◆ Data section:
....

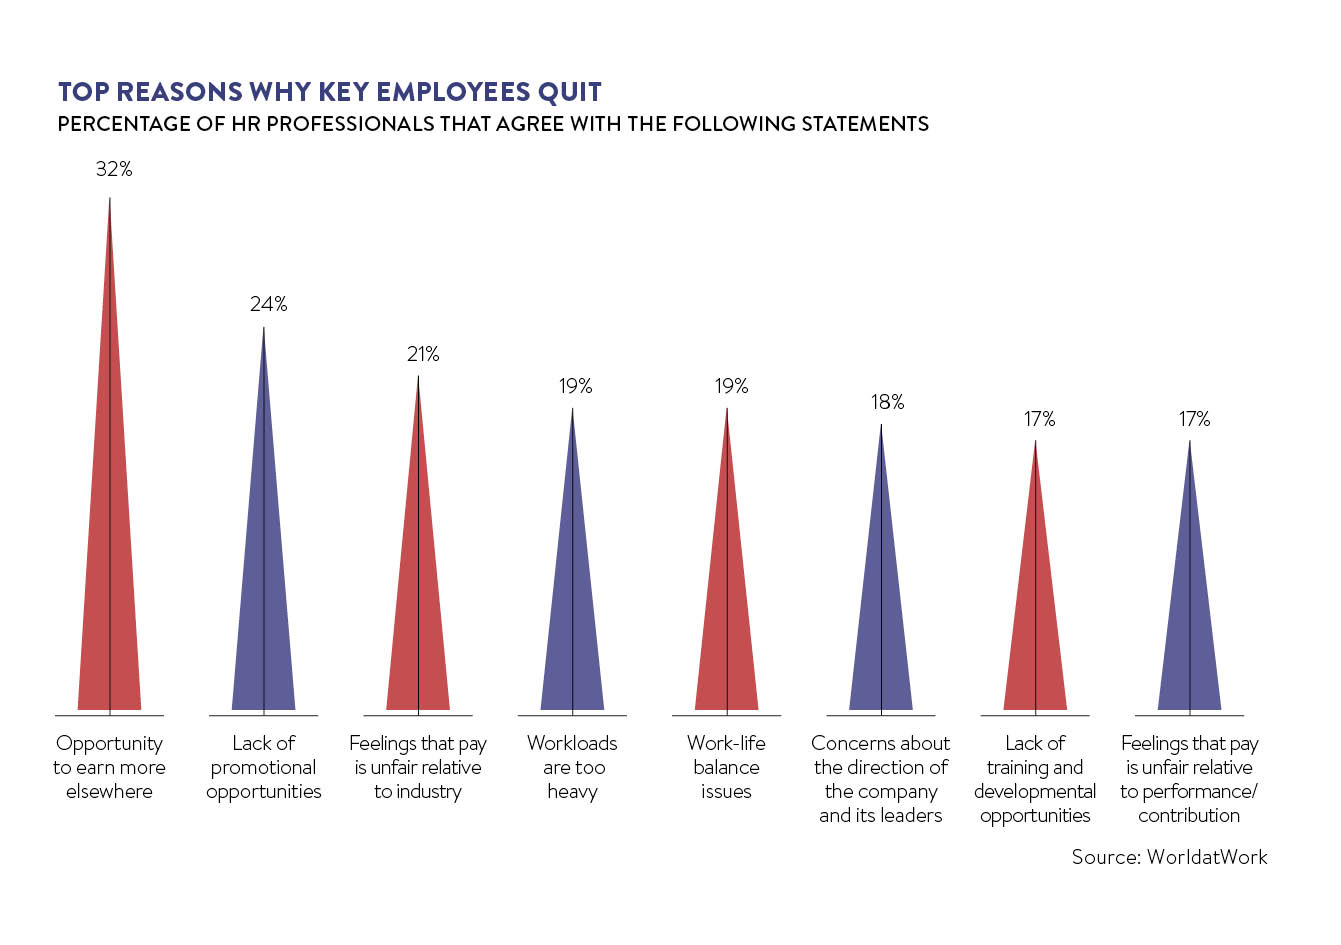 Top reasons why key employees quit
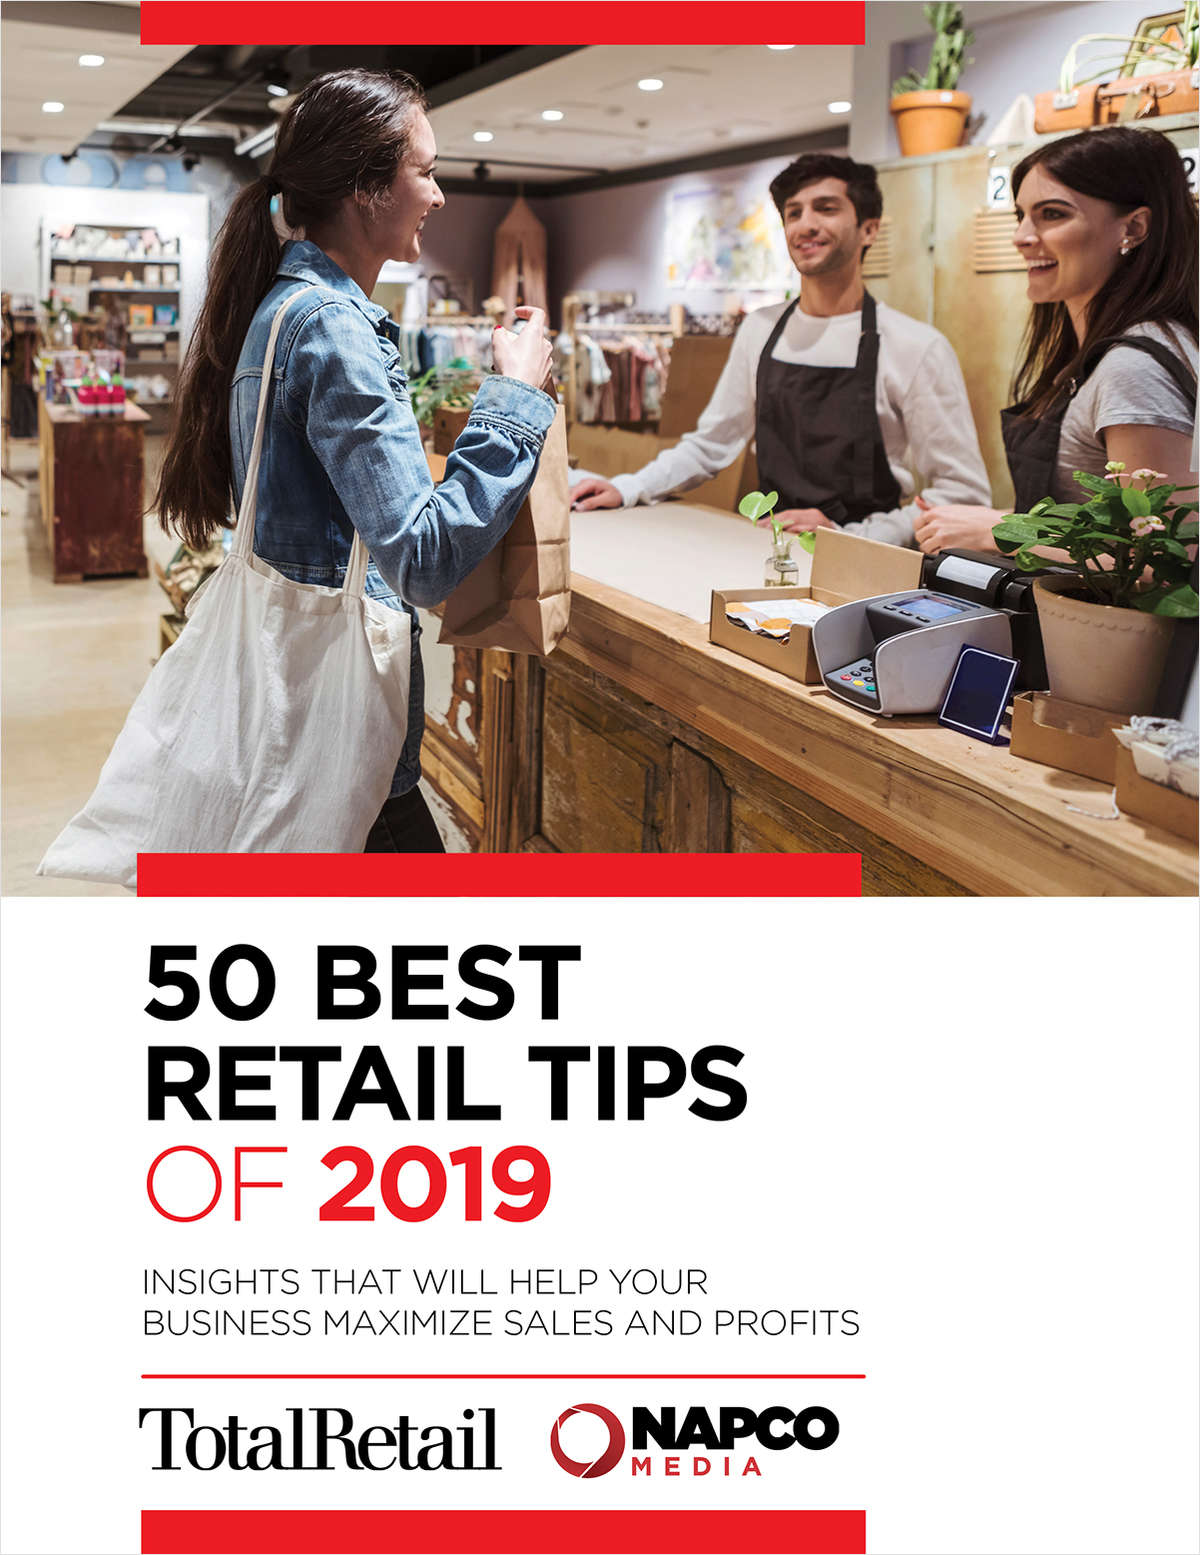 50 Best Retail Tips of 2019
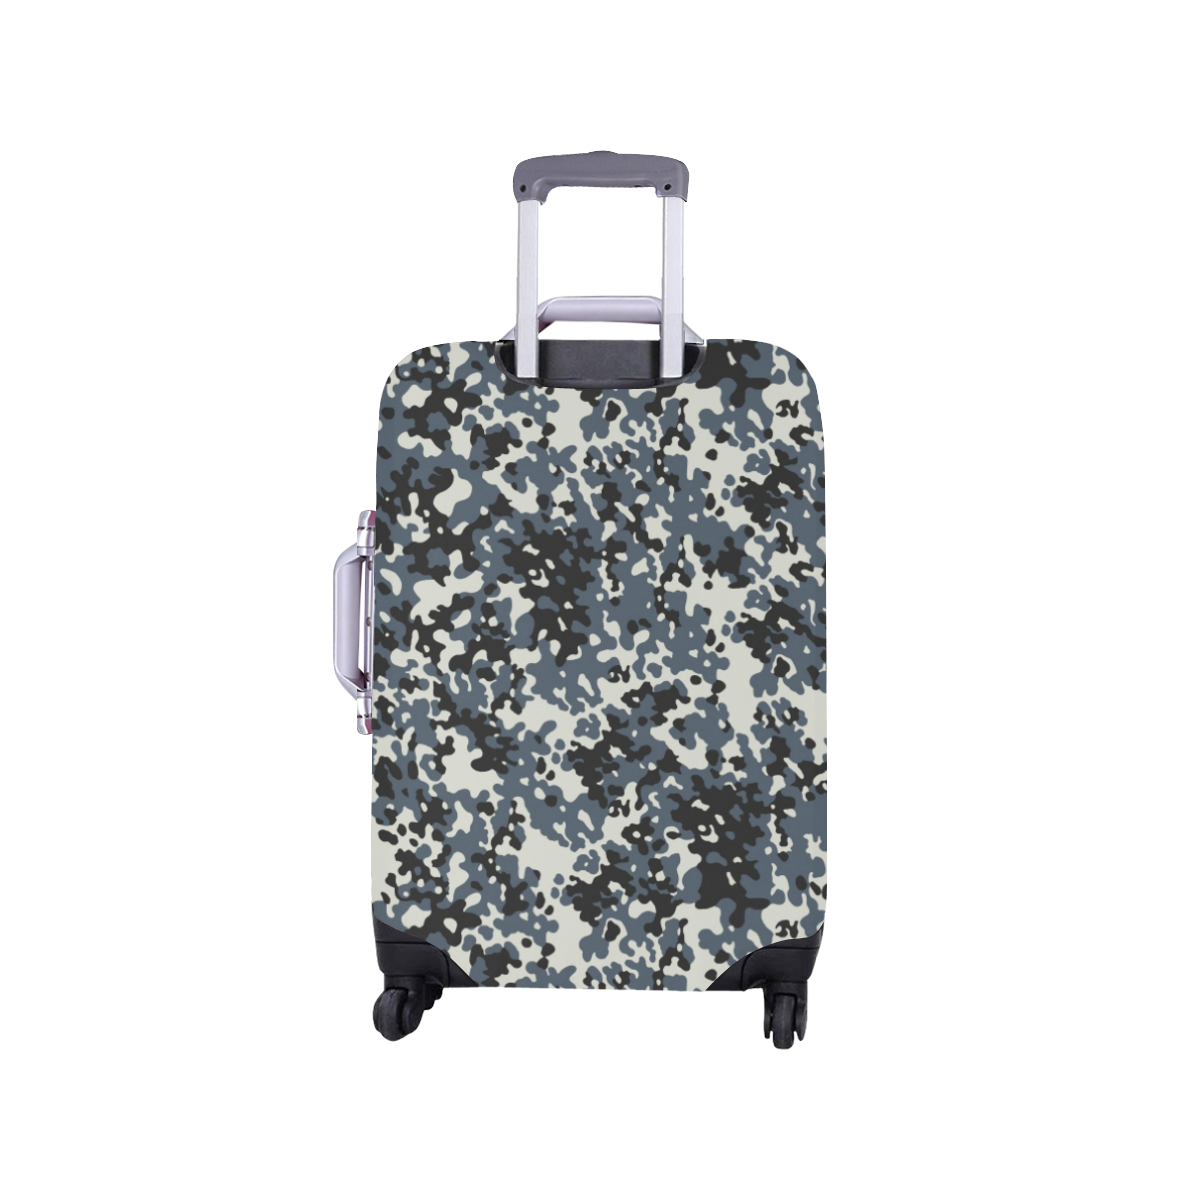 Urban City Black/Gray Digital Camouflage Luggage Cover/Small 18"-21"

....

◆ Task statement:
Restate the whole listing exactly as written, minus the pictures.

◆ Output for this task:
 Top reasons why key employees quit
 50 Best Retail Tips of 2019
 Urban City Black/Gray Digital Camouflage Luggage Cover/Small 18"-21"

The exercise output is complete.